Not to unduly bash Neon Bible (which is at the very least A Good Record) but its bombastic gloom was a big departure from the ramshackle spirituality and fevered romance of Funeral; by the time Win, Regine, Win’s brother, goofy drummer guy, hot violinist gal and those other guys were wrapping up their winter area tour of 2007, things would appear to have gotten a little off message.
Clearly this comeback gig is intended to offer a spot of repositioning, and for one night it indubitably works. Is this because of the new material from upcoming third set The Suburbs? Well, it’s not not because of the new material. There are nuclear levels of goodwill flying about the Hackney Empire’s swish interior, but even so, jaws are gradually lowered as opener ‘Ready to Start’ takes enters its final bars, the choppy, handclap-driven rhythms spun into something bigger and greater by Win’s ever more impassioned howls and palpably increased amp-age from the rest of the band. Or in other words it does that thing that Arcade Fire do where the band pile on the noise and the song changes tack a bit and it sounds all brilliant and spiritual and stuff and we’re all like ‘wow’. This is not a new trick, nor is it one they exactly use sparingly across the new material – the band give such good crescendo that on a first, live listen it’s hard to really reach any firm conclusions: senses say OHGODYES, brain says BUTWILLITBETHISAWESOMEONRECORDEH? That accepted there is unquestionably a happier, more intimate feel, and there are a couple of obvious stand outs. The weirdy piano stumble of ‘The Suburbs’ sounds a bit slicker here than on record but is still a welcomely skewiff, slight unsettling diversion from all the MASSIVE SOUNDS, and the Stooges-esque (seriously) ‘Month of May’ that wraps up the main set is unfeasibly brilliant, the intensity of the band’s performance finally matched by the volume of one of their songs. More like this, plz.

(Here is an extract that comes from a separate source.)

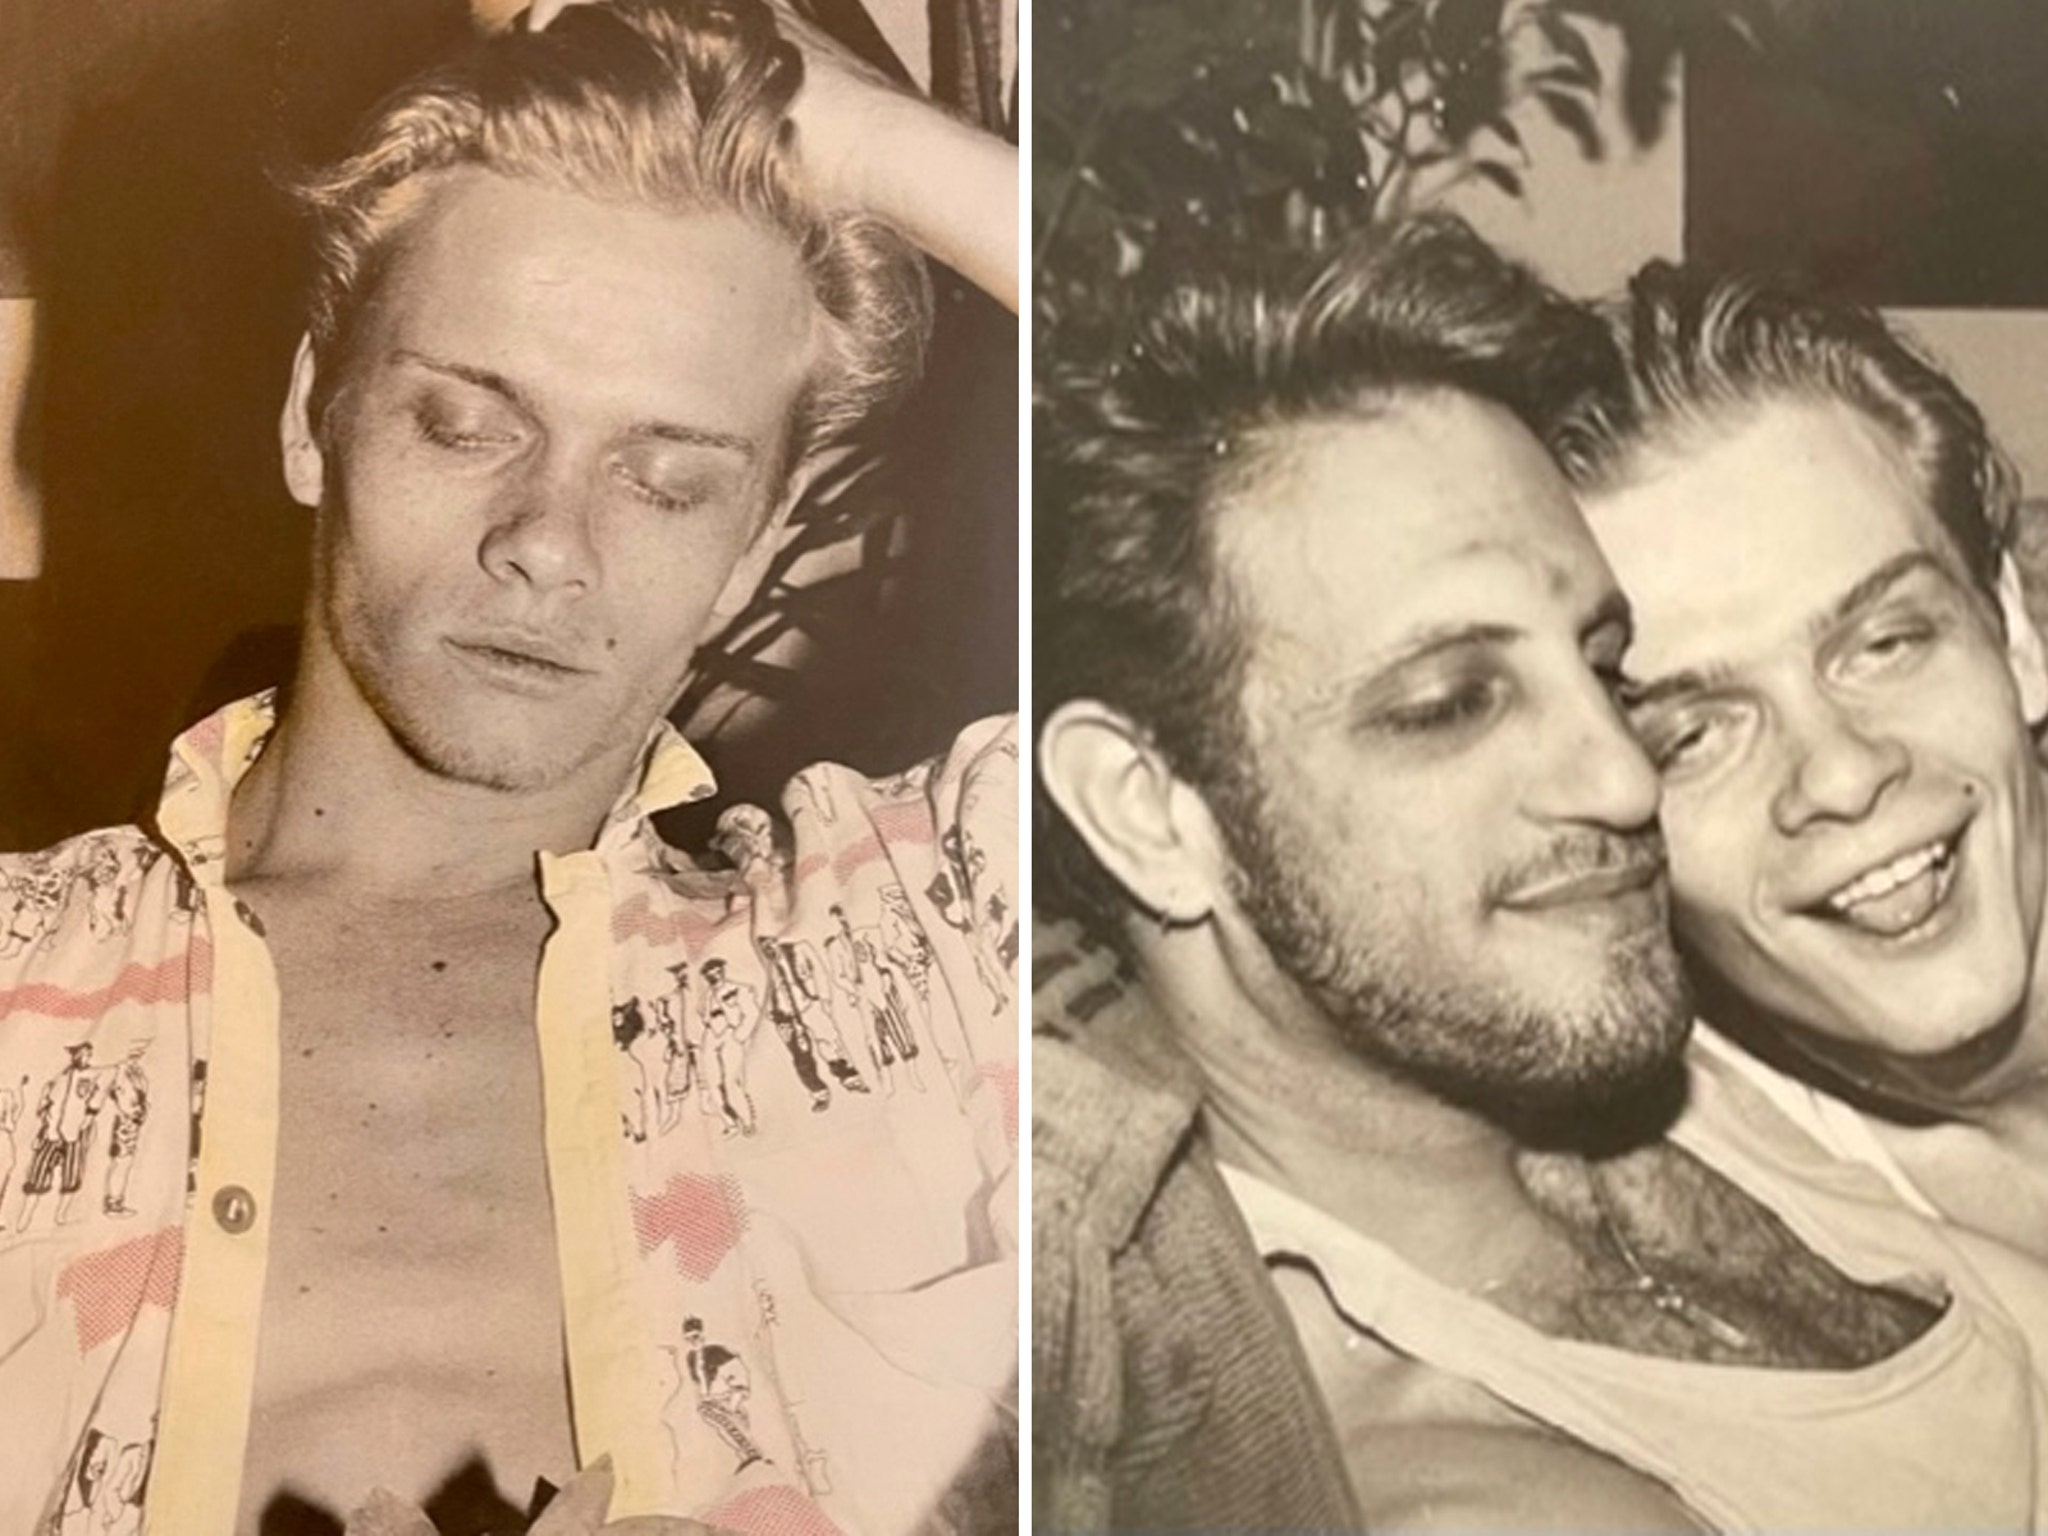 Gay Porn Star Billy Newtons Brutal Murder Solved Thanks to Amateur Sleuths 32 Years Later image image pic

It’s also followed by the allegedly po-faced singer of one of the biggest indie acts on the planet walking off the stage in the wrong direction and retracing his steps with a sheepish look on his face. And this is the thing – for tonight, stage-managed an ‘event’ thought it is, the charm, the personal touch, the intimacy are all back. They don’t start in the crowd or jazz like that, as even by the Neon Bible pre-shows that had kind of moved into the realms of gimmick. They just sweat, and move and reel and stagger and grin and run and fall over and laugh and have fun and put EFFORT in. All seven singing members of the band, stood in a line, eyes closed, going “aaaaaaah aaaaah ah” at the climax of ‘No Cars Go’ has me tearing up at a gig for the first time in far too long through, I dunno what... maybe just being overwhelmed by the band’s sheer strength of feeling? It strikes me that when they play the new material - probably because it’s new material – they do look like a band of musicians, but on older stuff – particularly Funeral vintage - they look more like a gang or a team or some sort of oddball club, charging all over the shop, mucking about staggering around. ‘Rebellion’, ‘Wake Up’, ‘Power Out’... these should be the songs that they’re bored of by now, that they’re playing for us, not for themselves, yet they look like couldn’t mean more to them.
Maybe tonight is just a lie: the next time we see Arcade Fire it won’t be in a plush Edwardian music hall, but headlining to fuck knows how many pissed up Libertines and Blink 182 fans at Reading/Leeds. We’ll know by then whether we like The Suburbs or not, and even though I can safely say these songs sound pretty great live, goodwill counts for a lot. But tonight Arcade Fire were the band we wanted them to be, and I think more importantly, they were probably the band they want themselves to be. It counts for a lot.